Security vulnerability report

mcptest security runs the deterministic red-team catalog over a server's tool/prompt/resource surface and reports findings. Beyond the terminal (--format pretty), the machine-readable JSON (--format json), and SARIF for code scanning (--format sarif), two formats produce a vulnerability report you can hand to a reviewer:

--format html: a self-contained HTML report, one file, no assets. Findings are grouped by severity (critical first), each shown as a card with its rule id, the definition it is about, the message, the concrete evidence that fired it, the OWASP LLM Top 10 category it maps to, and a one-line remediation. An OWASP coverage table follows.
--format md: the same content as GitHub-flavored Markdown, for PR comments and job summaries.

mcptest security --snapshot tools.json --format html > security.html
mcptest security --snapshot tools.json --format md   >> "$GITHUB_STEP_SUMMARY"

OWASP LLM Top 10 coverage

Each check in the catalog declares external references, including OWASP LLM Top 10 identifiers (for example OWASP LLM01). The report builds a coverage table from those references: one row per OWASP category, showing whether the catalog addresses it, which SEC-NNN rules cover it, and how many findings fired in that category on this run.

The OWASP LLM Top 10 (2025) categories are: LLM01 Prompt Injection, LLM02 Sensitive Information Disclosure, LLM03 Supply Chain, LLM04 Data and Model Poisoning, LLM05 Improper Output Handling, LLM06 Excessive Agency, LLM07 System Prompt Leakage, LLM08 Vector and Embedding Weaknesses, LLM09 Misinformation, and LLM10 Unbounded Consumption.

The coverage table is built from the bundled per-definition catalog (the surface lane), which is the same catalog SARIF rule definitions come from. The relational lanes (namespace, integrity, toxic-flow, trust-propagation) also contribute findings to the report; their findings render without an OWASP tag when the firing rule is not in the per-definition catalog.

A category with no covering rule is a coverage gap worth a new probe.

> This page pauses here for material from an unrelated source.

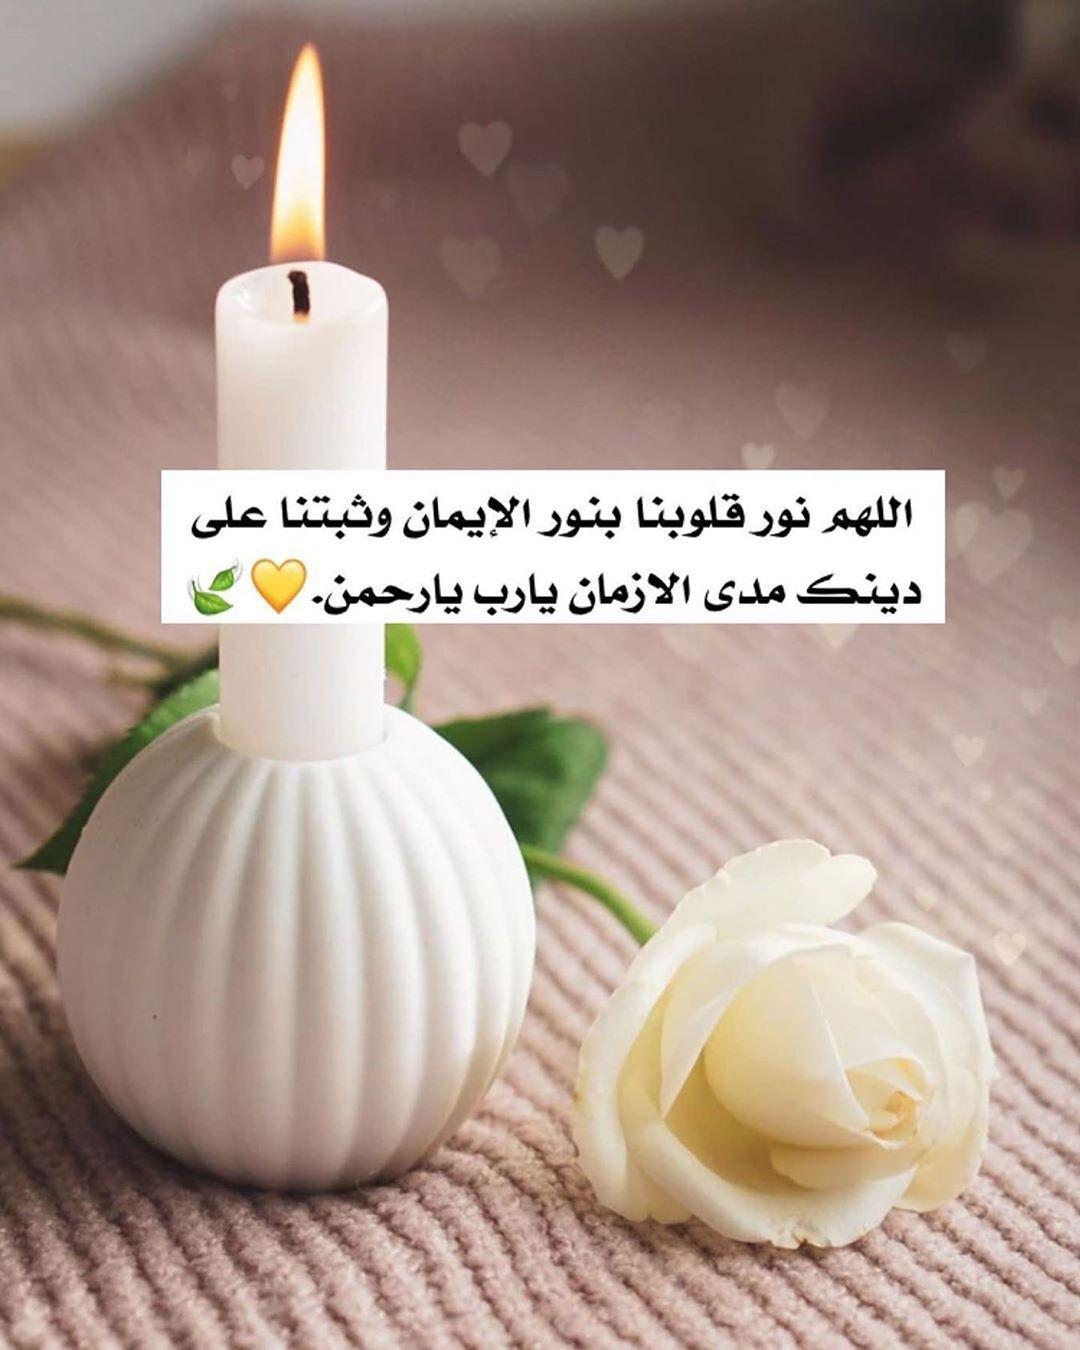 Palamrm5433 On Instagram أذكار إسلامية ديني دين اسلام اسلامي هاشتاق اذكار صور رمزيات خلفيات تذكير دنيا الاخرة ا Candles Flameless Candle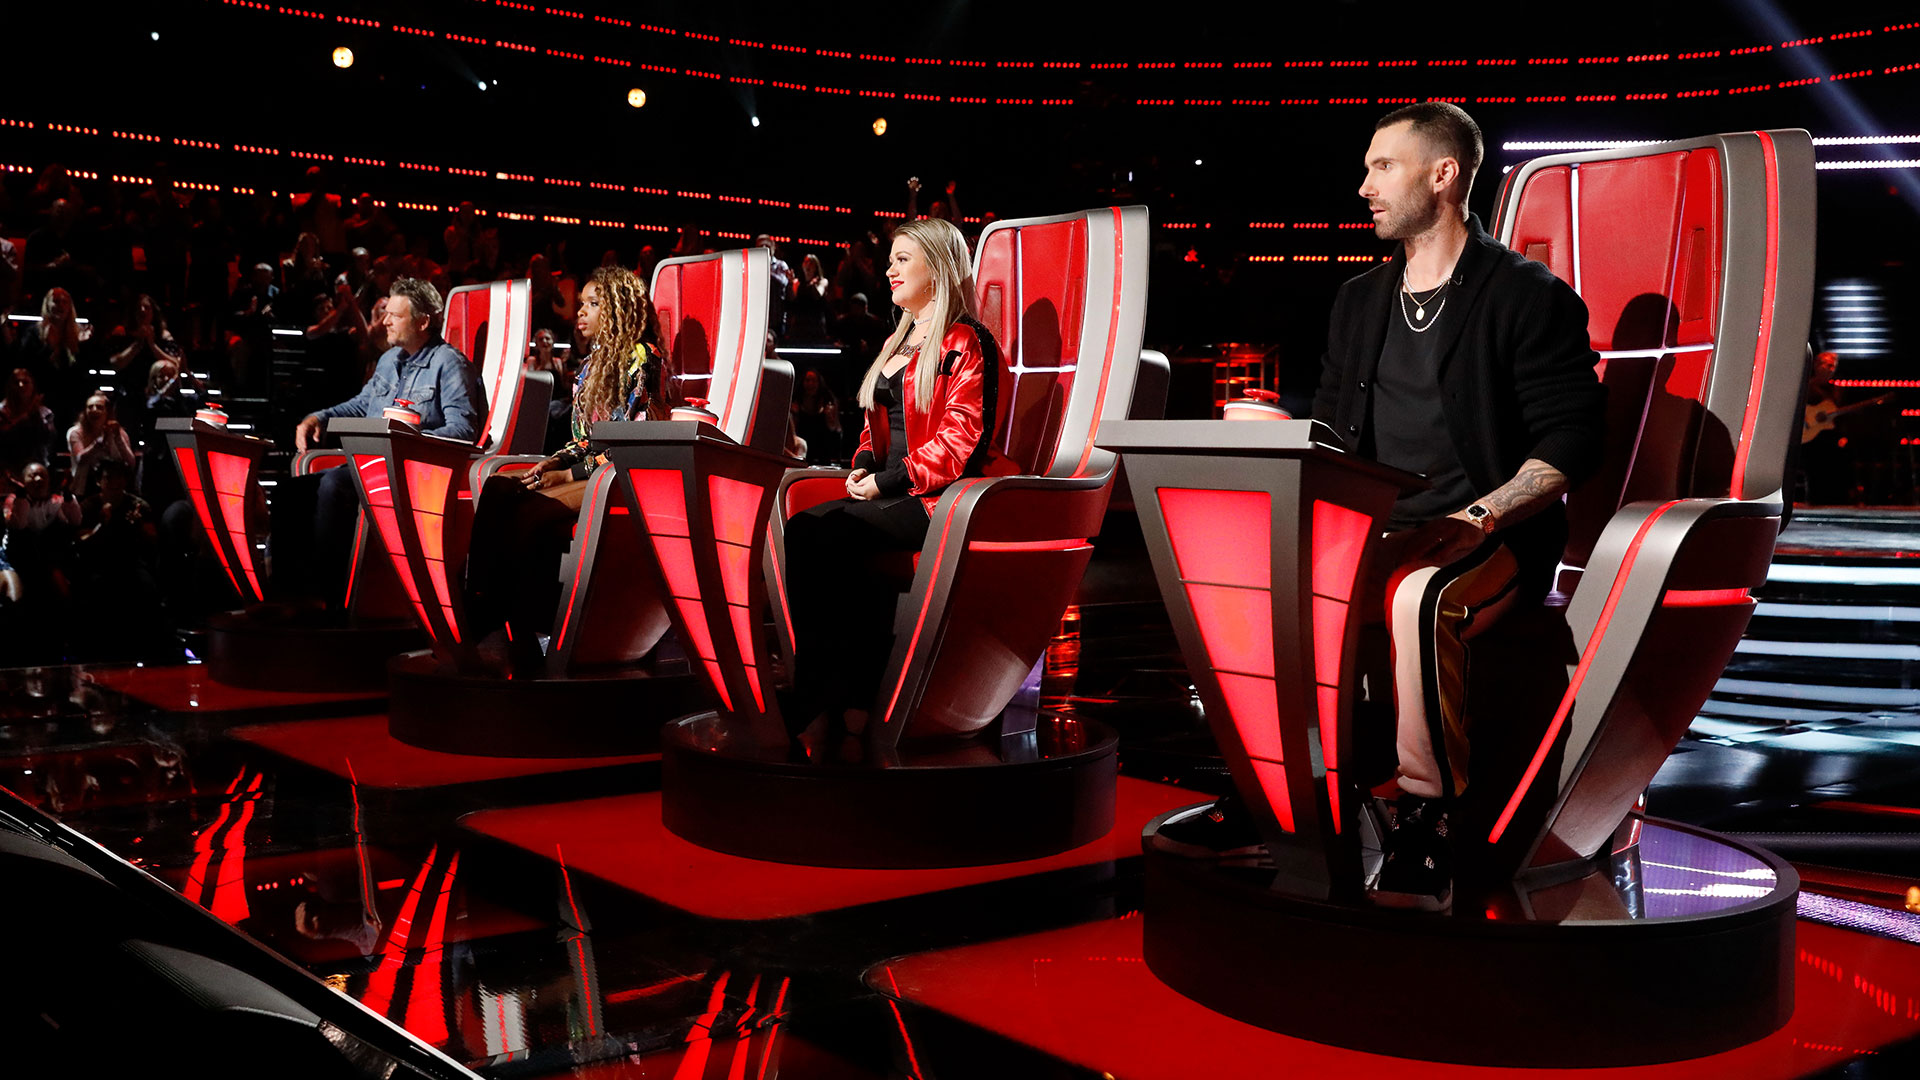 Watch The Voice Sneak Peek  First Look  The Voice Season 15

Read the table to see where the catalog is thin before trusting a clean run.

OWASP coverage scope

Not every OWASP category is addressable as a deterministic predicate over a static tool, prompt, or resource definition. The table below records which lane covers each category and, where a category is out of scope for a black-box definition check, why.

OWASP category	Covered by	Notes
LLM01 Prompt Injection	surface (SEC-001)	Imperative model-directed text in a description.
LLM02 Sensitive Information Disclosure	surface (SEC-003, SEC-008)	Exfiltration directives and embedded secrets.
LLM03 Supply Chain	integrity lane	Rug-pull and schema-drift checks compare a current catalog against an approved baseline. Not a single-definition check, so it lives outside the per-definition surface catalog.
LLM04 Data and Model Poisoning	out of scope (runtime)	Poisoning is a runtime data-flow concern: it depends on what untrusted content actually reaches the model or a state-changing tool at call time. A static definition cannot show it.
LLM05 Improper Output Handling	out of scope (runtime)	Whether tool output is encoded or validated before it is acted on is observable only when the call runs, not from the definition.
LLM06 Excessive Agency	surface (SEC-009), capability lane	Unannotated destructive tools, plus the toxic-flow source-to-sink pairing check.
LLM07 System Prompt Leakage	surface (SEC-037)	A prompt or resource that embeds a system-instruction block carrying a secret. Tool-description secrets are SEC-008.
LLM08 Vector and Embedding Weaknesses	out of scope	Embedding and retrieval behavior is not visible in a tool/prompt/resource definition; there is no static signal to match.
LLM09 Misinformation	out of scope (runtime)	Factuality and context-faithfulness are graded on actual answers, handled by the eval lane, not by a static surface check.
LLM10 Unbounded Consumption	surface (SEC-036), probes lane	A list-like tool that declares no bound parameter is flagged statically; unbounded-response behavior at run time is handled by the active probes.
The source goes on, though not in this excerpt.